Nonostante i magri rendimenti, anche nel 2018 la sottoscrizione di buoni e libretti postali ha superato le cifre ritirate (il saldo è positivo per 1,8 miliardi). I clienti del risparmio postale sono 26,9 milioni, quasi un italiano su due. Non farti prendere dalla pigrizia per la comodità dello sportello sotto casa: sul nostro sito, per investire a tasso fisso, puoi trovare di meglio.

…e le partecipazioni

Qualche rischio in più lo vediamo sul fronte delle partecipazioni, che nel 2018 hanno “regalato” a Cdp dividendi per quasi 1,4 miliardi, di cui la metà dalla sola Eni. La presenza, diretta o indiretta, dello Stato nell’azionariato dei big di Piazza Affari ha sempre spinto queste società a essere piuttosto generose con gli azionisti, ma con l’economia italiana che arranca ci potrebbero essere impatti negativi sia sull’importo dei dividendi, sia sul valore di Borsa delle azioni. A limitare questo rischio c’è però il fatto che nel portafoglio attuale di Cdp ci sono soprattutto società italiane, sì, ma sufficientemente grandi da puntare sempre più all’internazionalizzazione. Anche su questo fronte, quindi, non vediamo rischi così elevati, per questo ti abbiamo consigliato il bond in emissione. Tutto questo, però, a patto che la Cdp non diventi il “cestino” in cui far confluire tutte le società decotte.

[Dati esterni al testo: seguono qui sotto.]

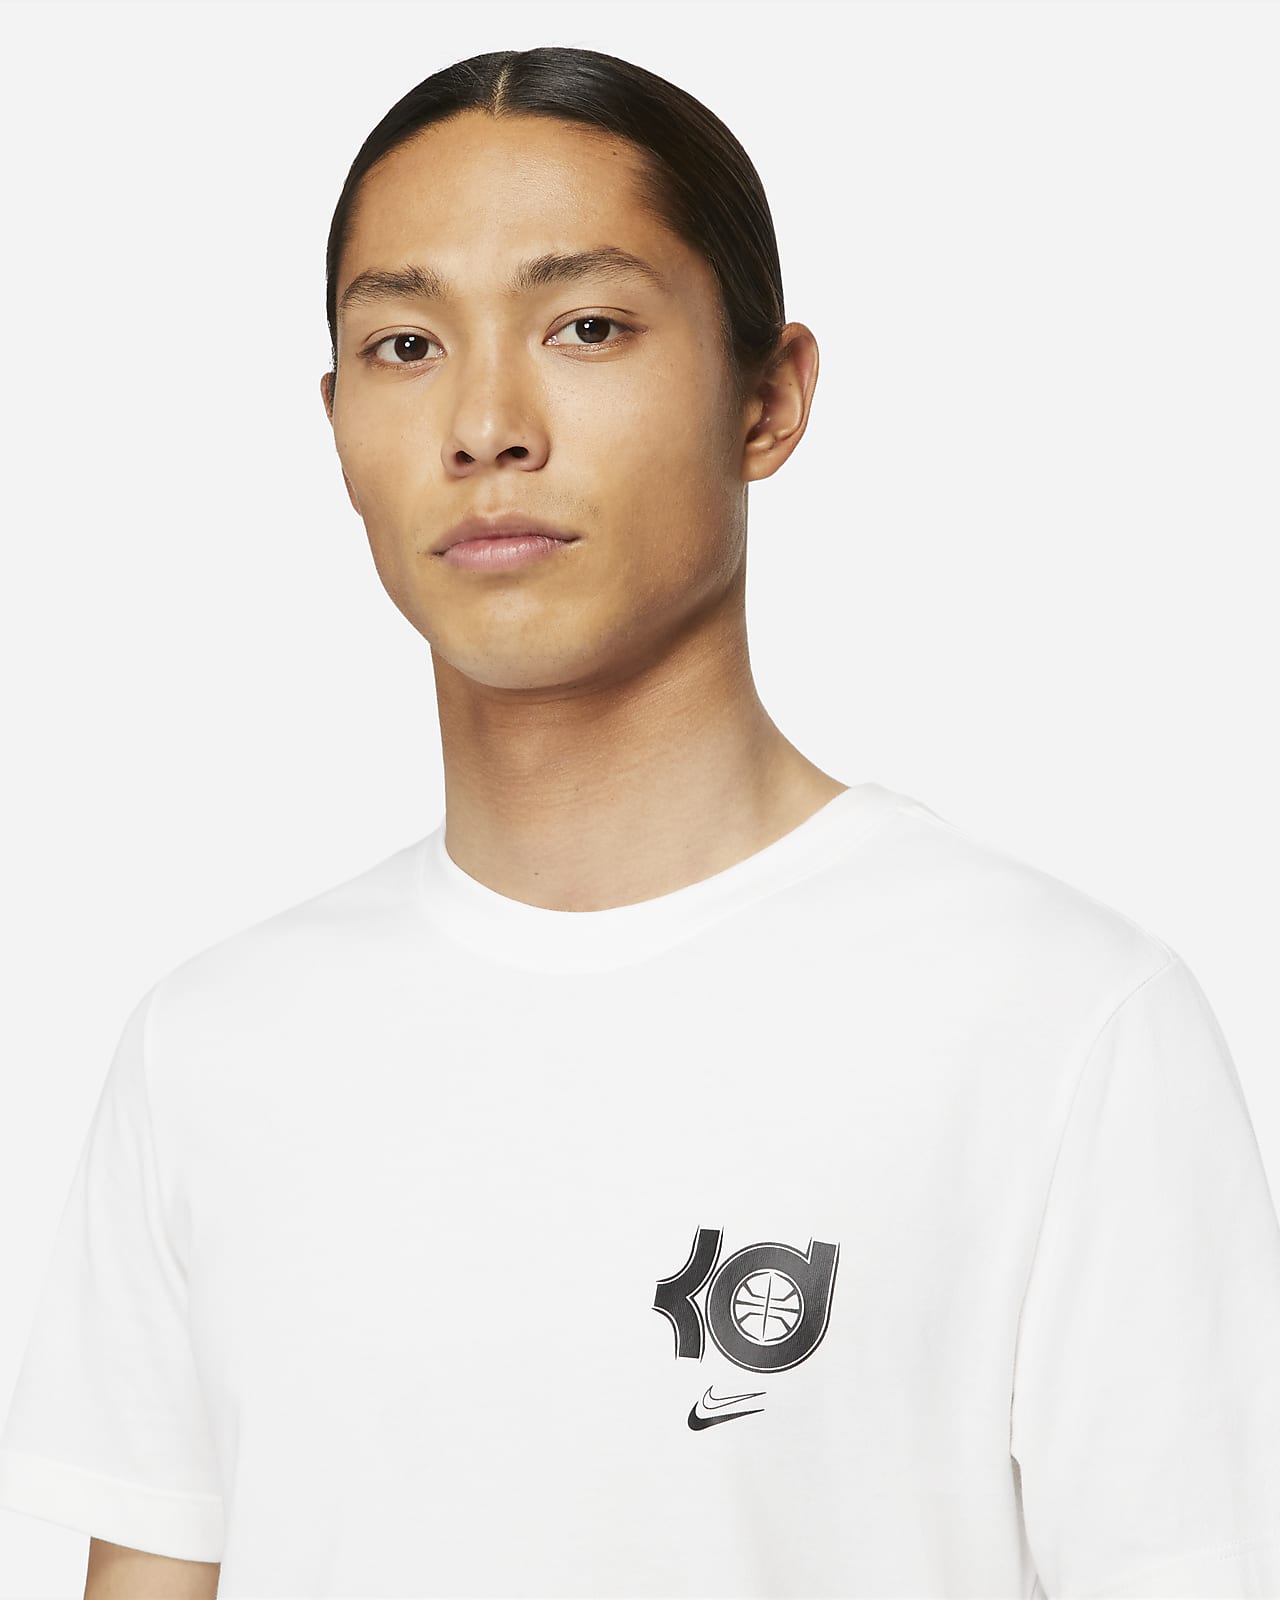 Nike公式 ナイキ Dri Fit Kd ロゴ メンズ バスケットボール Tシャツ オンラインストア 通販サイト

Anche se quasi l’83% del suo capitale è in mano al ministero delle finanze, i debiti della Cdp non rientrano nel conteggio del debito pubblico italiano. Questo perché le regole contabili europee escludono dal conteggio quelle società, come la Cdp, che “gestiscono le proprie attività a condizioni di mercato” e che assumono partecipazioni “in società di equilibrio finanziario, patrimoniale ed economico e che siano caratterizzate da adeguate prospettive di redditività”. Se la Cdp diventasse un collettore di “cause perse”, questi requisiti non sarebbero più rispettati e l’Europa potrebbe imporci di includere la Cdp nel debito pubblico, che aumenterebbe di colpo di decine di miliardi.

Una nuova Iri?

Ogni volta che si parla di qualche caso critico, vedi per esempio quello di Alitalia, regolarmente spunta l’ipotesi di un intervento di Cdp per tenere in piedi la società – un po’ come faceva la “vecchia” Iri, che ha spesso puntellato con soldi pubblici le industrie italiane in difficoltà. Nella stragrande maggioranza dei casi questi interventi portano a una perdita secca – ne è una prova la partecipazione di Cdp nel fondo Atlante, quello che, in teoria, avrebbe dovuto salvare le banche. Fare, quindi, della Cdp una nuova Iri comporterebbe il rischio di far tracollare i suoi conti. A salvarci da questa situazione pericolosa è il fatto che se davvero andasse così la Cdp potrebbe essere considerata un pezzo di Stato italiano e, di conseguenza, l’Italia potrebbe essere costretta a sommare anche i debiti di Cdp nel totale del debito pubblico (vedi qui a lato), e con un debito pubblico già sotto i riflettori europei non possiamo certo permetterci di aggiungere anche questa zavorra. Questo dovrebbe frenare un uso eccessivo della Cdp come “salvatore da ultima spiaggia”… ma con il proliferare di società in crisi, la tentazione per lo Stato di rifilare le grane alla Cdp resterà forte. Vigileremo su questo fronte, monitorando la Cdp e il suo bond, che entrerà nella nostra selezione. Se non hai fatto in tempo ad acquistarlo in emissione potrebbe essere interessante una volta quotato in Borsa, dipenderà ovviamente dal prezzo: seguici sulla rivista e sul sito per restare sempre aggiornato.

Come la Cdp, anche la collega francese (Cdc) e quella tedesca (Kfw) non sono incluse nel debito pubblico dei rispettivi Stati. La Kfw non dovrebbe esserti ignota: si finanzia soprattutto con bond, molti dei quali sono nella nostra selezione.